-------- Records provided

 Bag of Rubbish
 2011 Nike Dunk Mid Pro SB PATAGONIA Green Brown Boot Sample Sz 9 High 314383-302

----------------
-------- Records provided

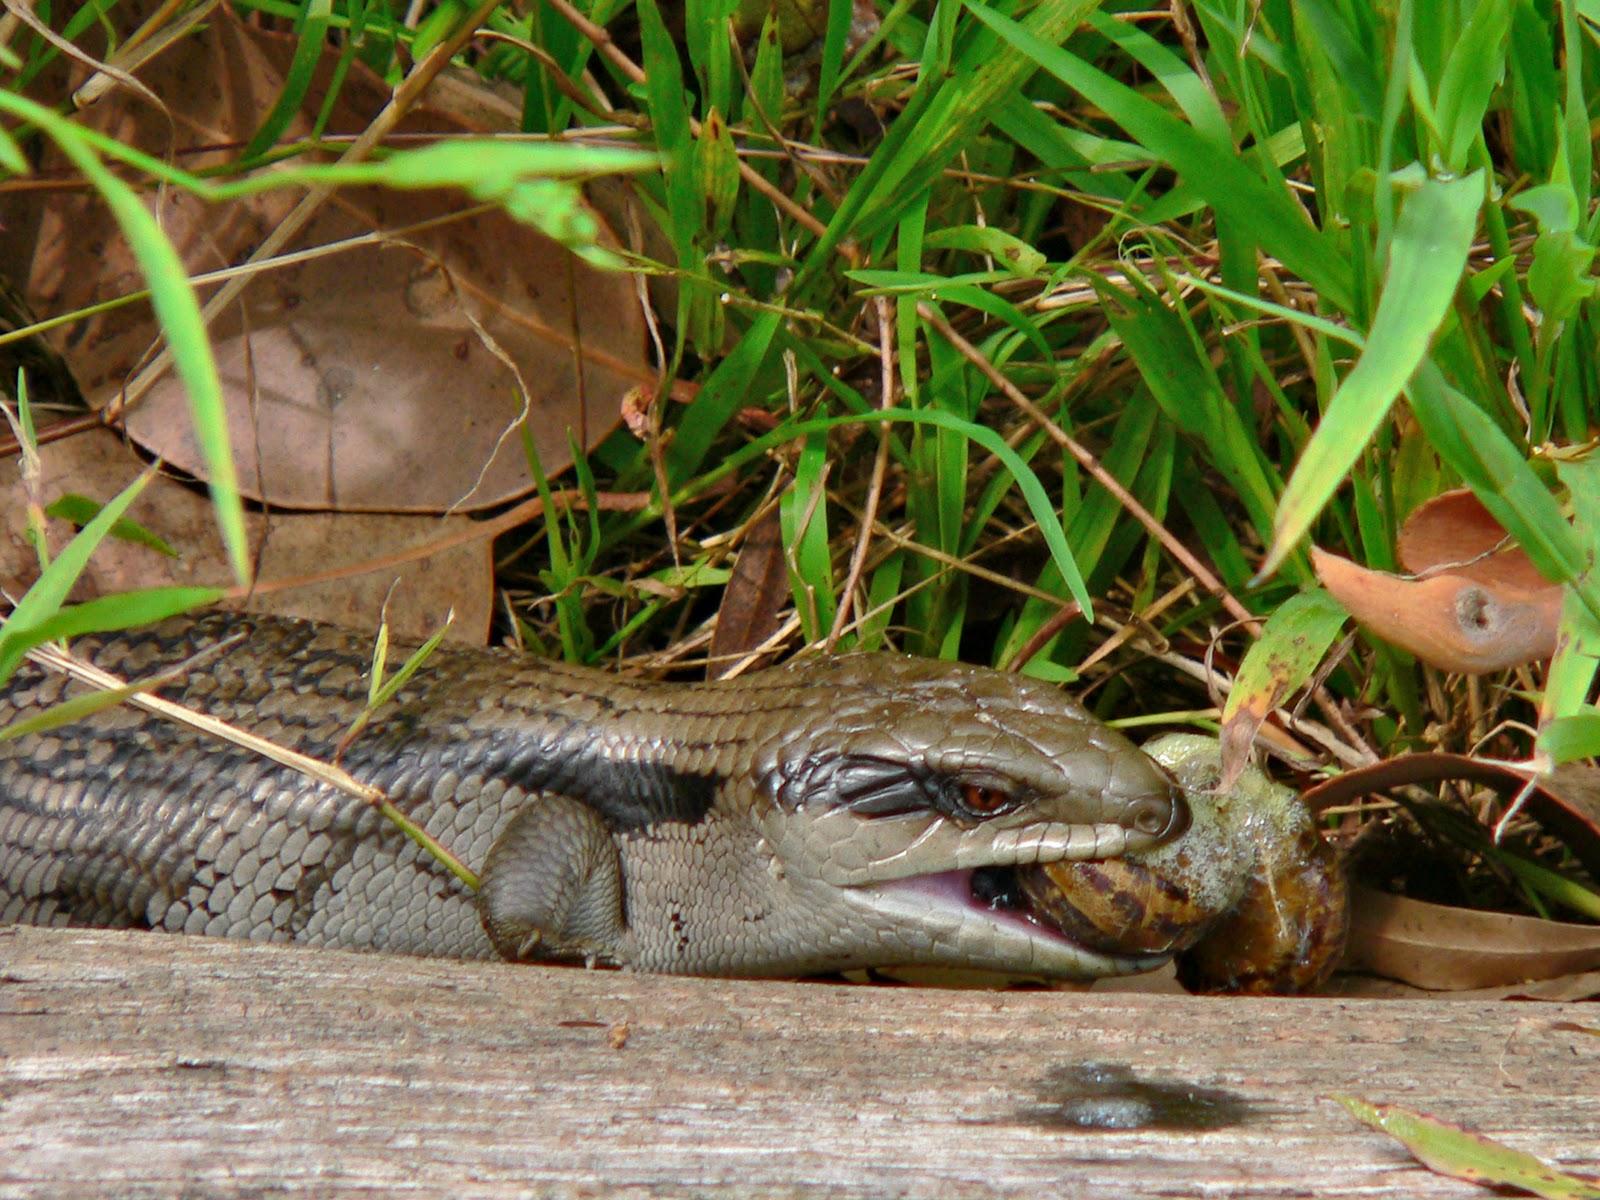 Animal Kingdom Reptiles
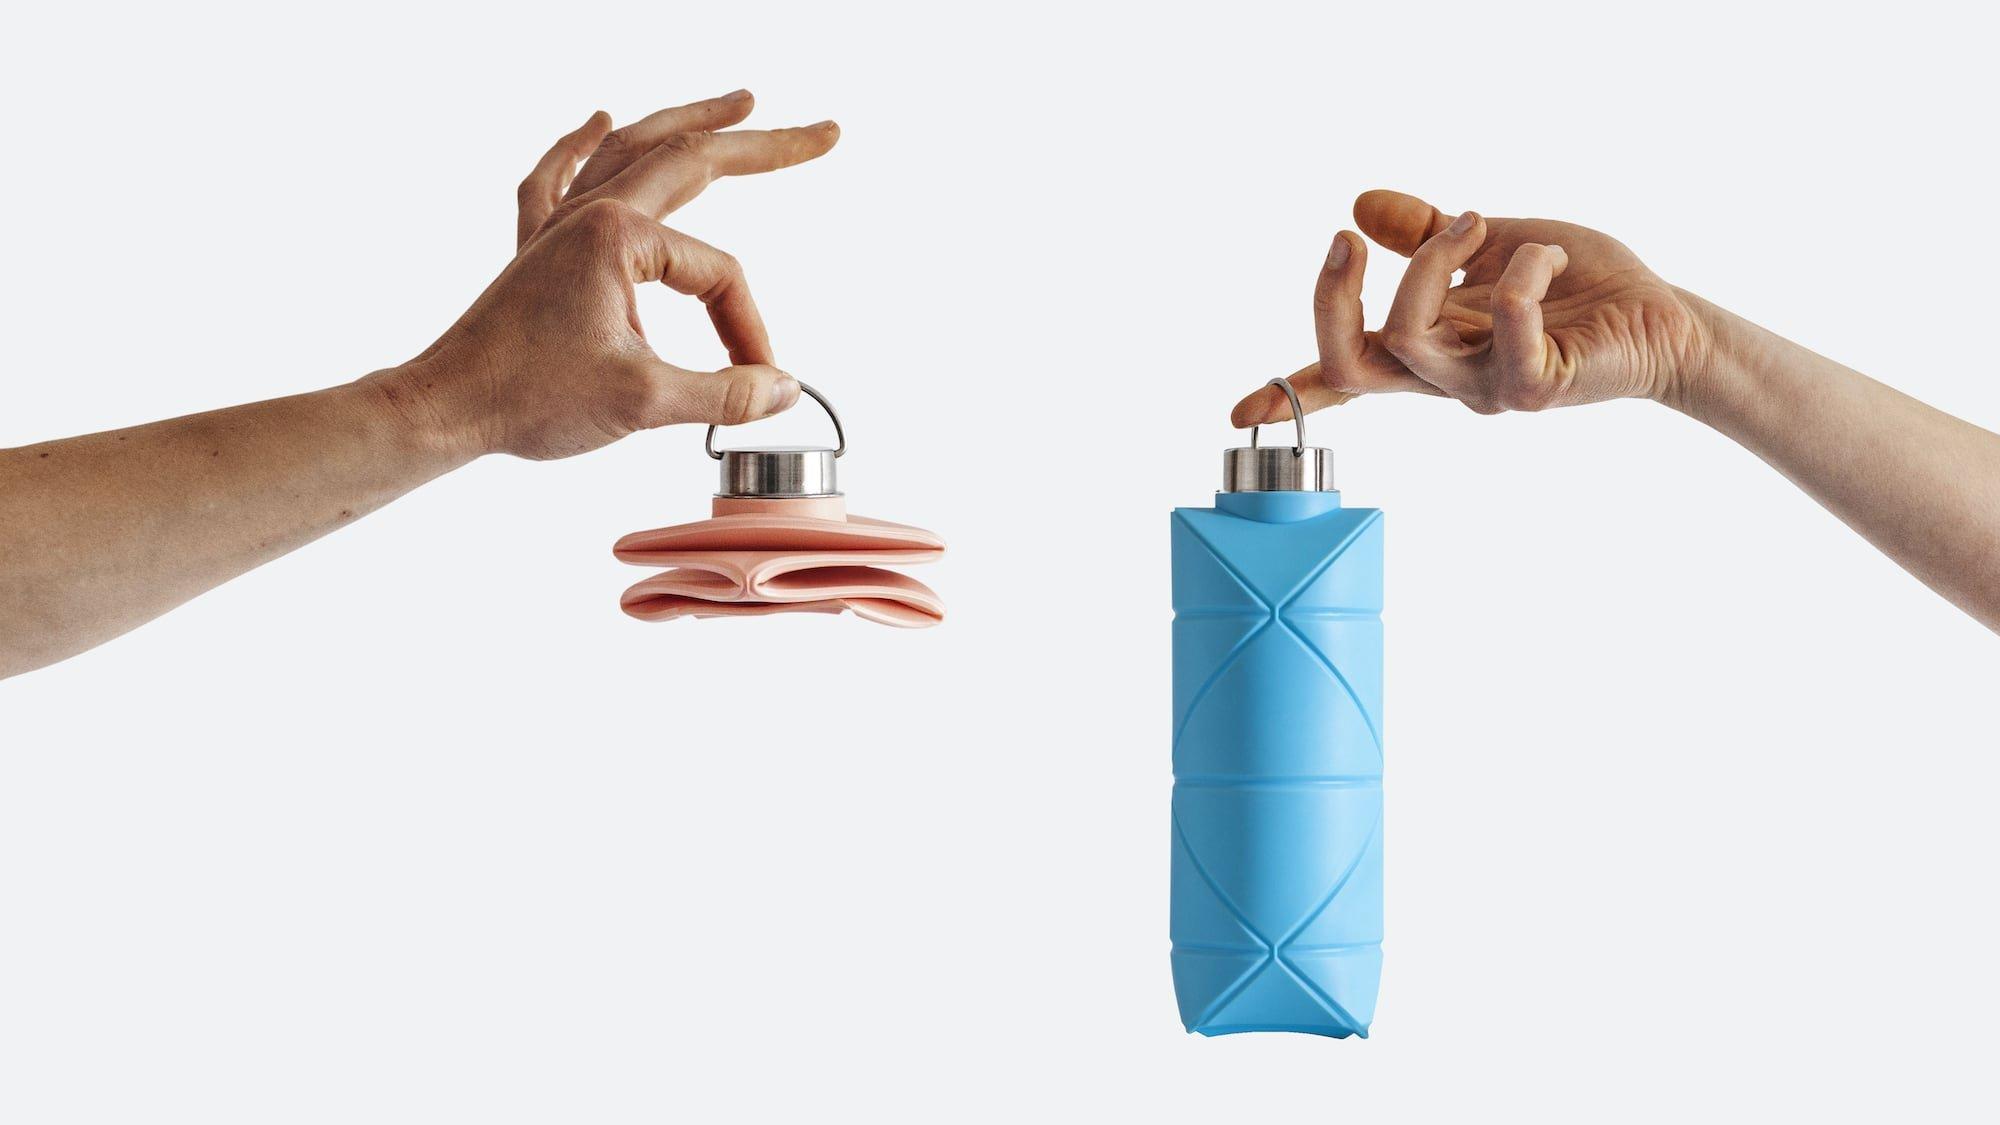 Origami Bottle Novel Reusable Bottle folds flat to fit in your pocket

----------------
-------- Records provided

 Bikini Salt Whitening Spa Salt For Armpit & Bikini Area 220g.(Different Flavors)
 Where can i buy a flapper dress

----------------

= Assignment =
In the listing above, find the line containing "Bikini Salt Whitening" and the line containing "Where can i buy a flapper dress", then repeat those two lines and everything between them exactly.

= Exercise response =
 Bikini Salt Whitening Spa Salt For Armpit & Bikini Area 220g.(Different Flavors)
 Where can i buy a flapper dress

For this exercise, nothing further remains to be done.